All activities involving right-of-way restrictions must have an approved barricade plan for traffic control before any work or activity can begin. A few exceptions include:

  • emergency situations
  • to protect the safety of the public
  • when the city performs routine maintenance on a street or utility
  • a city sponsored special event
  • when placed on a local residential street
  • a licensed valet parking operation

All barricades will need to be placed according to the approved barricade plan, although minor adjustments may be allowed to accommodate driveways and business access.

The approved barricade plan must be kept on site at all times when work is underway. This includes placing and removing the barricades.

Any person who is authorized to issue a civil complaint (police officer, police aide, city manager or their designee) may also issue a notice of violation describing what actions must be taken and the timeframe to be completed to avoid a fine.


Violations and Fines

The following violations of the barricade ordinance can be punishable by a fine of up to $2,500 per day. Each day a violation continues represents a separate violation.

  • Placing a barricade or traffic control device in such a way that it creates an imminent risk of injury or death to the public
  • Placing a barricade or traffic control device in the right-of-way without an approved barricade plan, if one is required
  • Placing a barricade in the right-of-way without actually needing to restrict the right-of-way
  • Not following the conditions of the approved barricade plan, including the hours of operation
  • Not following the conditions of an encroachment permit (an encroachment permit is required whenever the right-of-way is restricted)
  • Placing, removing or adjusting barricades without traffic control device certification
  • Failure to use barricades or traffic control devices in situations that are described in the Design Standards and Policies Manual
  • Leaving or storing barricades or traffic control devices for more than 4 hours after the work is completed, or the approved barricade plan expires
  • Place or maintain barricades or traffic control devices without having a copy of the approved barricade plan on site and being able to produce the plan at the request of a city employee
  • Making a bus stop inaccessible without relocating it or making accommodations that comply with the Americans with Disabilities Act of 1990
  • Making a sidewalk inaccessible without providing accommodations that comply with the Americans with Disabilities Act of 1990

In addition to fines, Scottsdale also may suspend or revoke work and/or special event permits, take possession of barricades or traffic control devices left in the right-of-way and charge a reasonable fee for storage, and charge for any actions taken by city staff to correct violations.

Definitions

 

Restrict or Restriction – limiting access to or closing a right-of-way.

Right-of-way – includes streets, alleys, sidewalks, multi-use paths.

Right-of-way Manager – the person who is responsible for implementation of the Right-of-Way Management Program, their successor or designee.

Barricade Plan – a plan showing the details of the traffic control devices that will be used to restrict a right-of-way. The requirements for a Barricade Plan are set forth in the Design Standards and Policies Manual.

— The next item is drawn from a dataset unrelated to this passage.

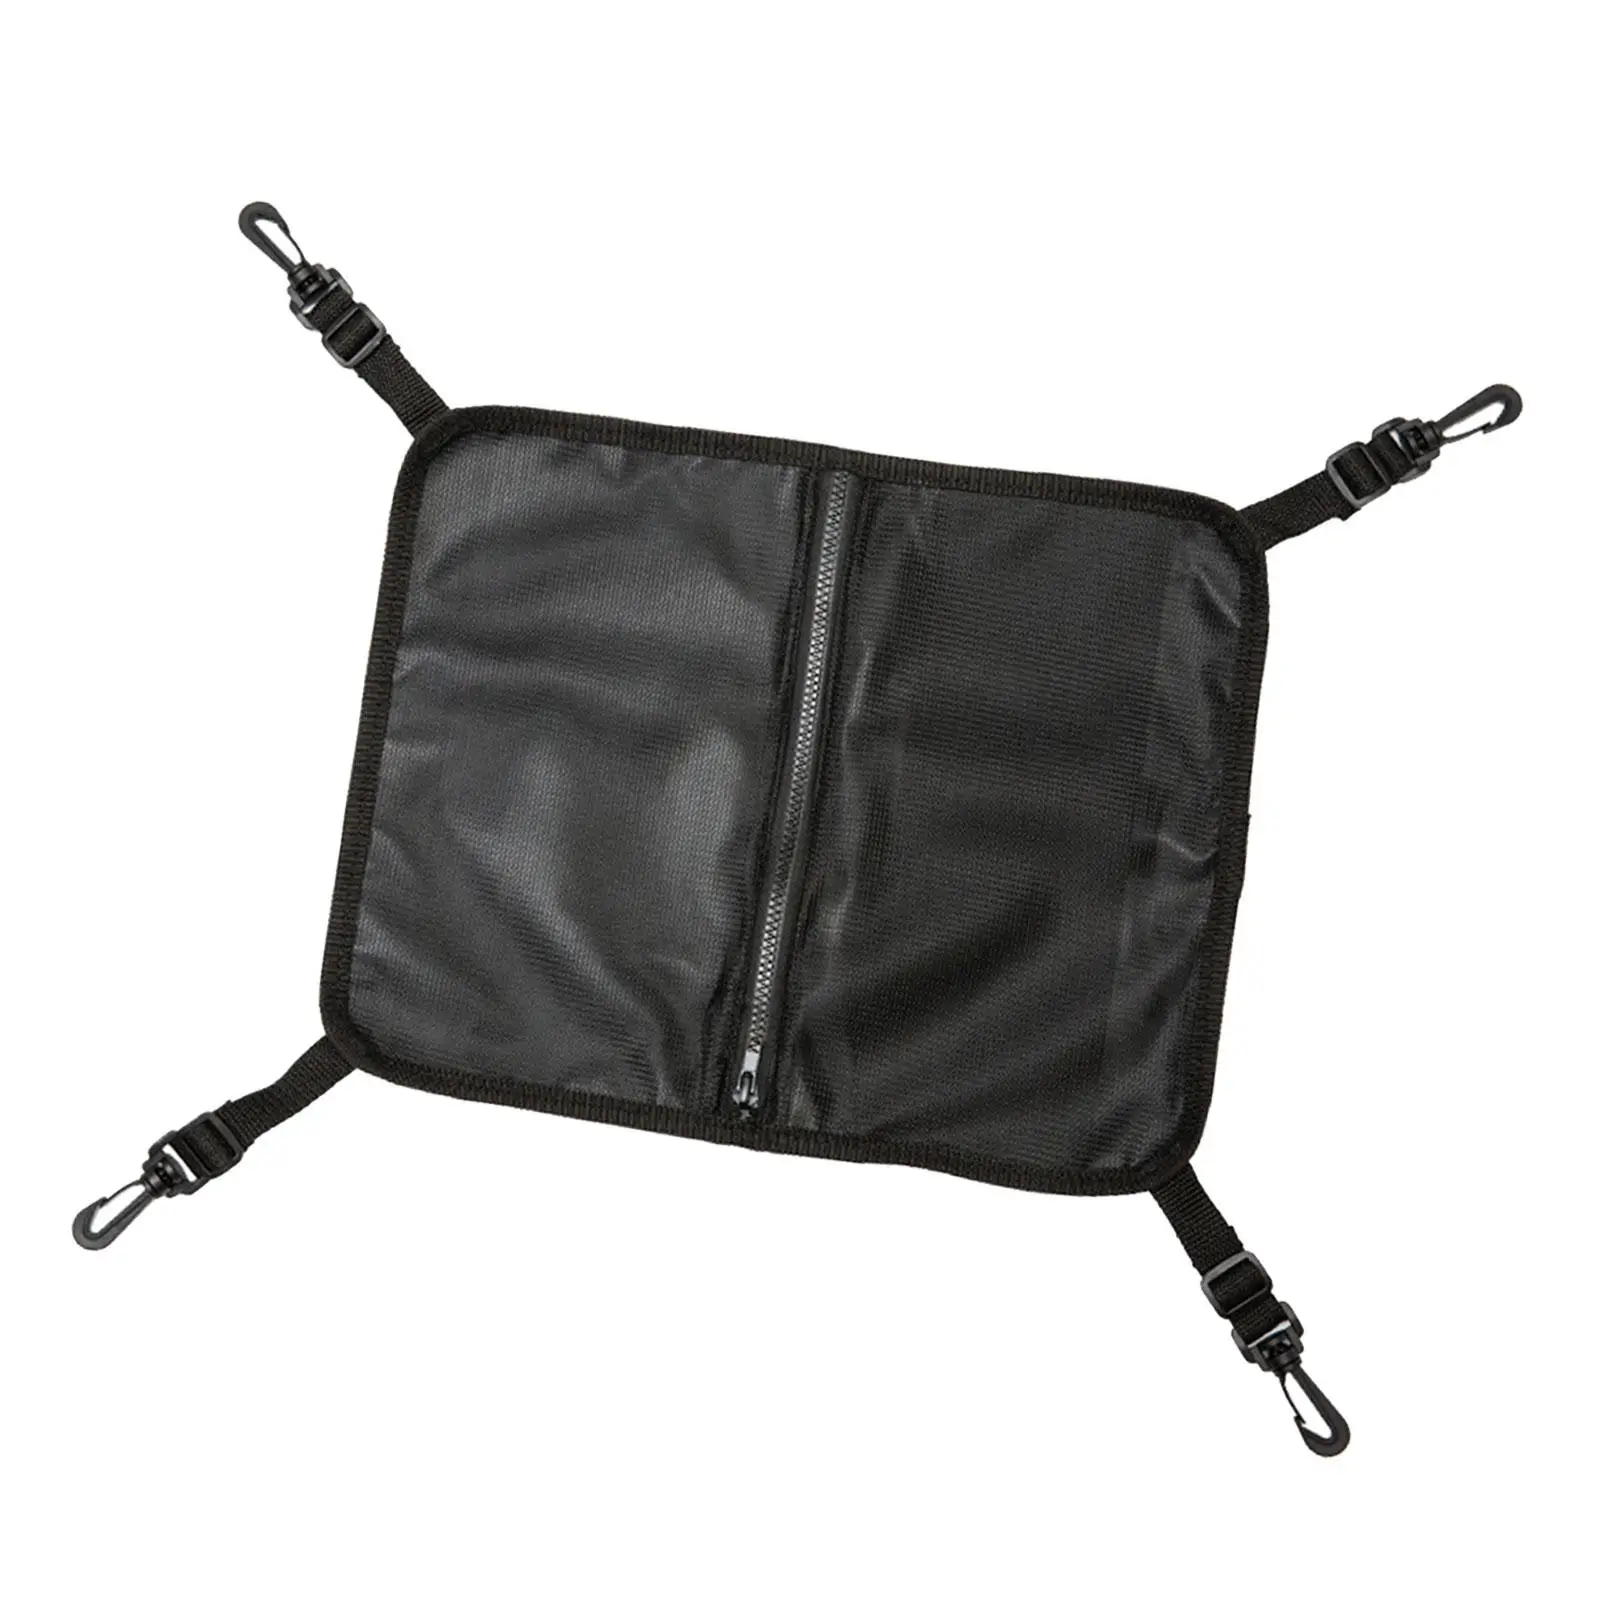 Mesh Deck Bag for Kayak Mesh Storage Bag Polyester Bag Inflatable Paddle Board Deck Bag for Surfboard Dinghy Boat Kayak Rafting

Design Standards and Policies Manual – the document that details the City of Scottsdale’s requirements, procedures, policies, forms, and design standards.

Traffic Control Device – any sign, traffic signal, marking, barricade or channeling device that is used to regulate, warn or guide traffic.

Emergency – a sudden, unexpected event that may create an immediate or imminent risk of injury or death to a person that may require immediate response from medical personnel.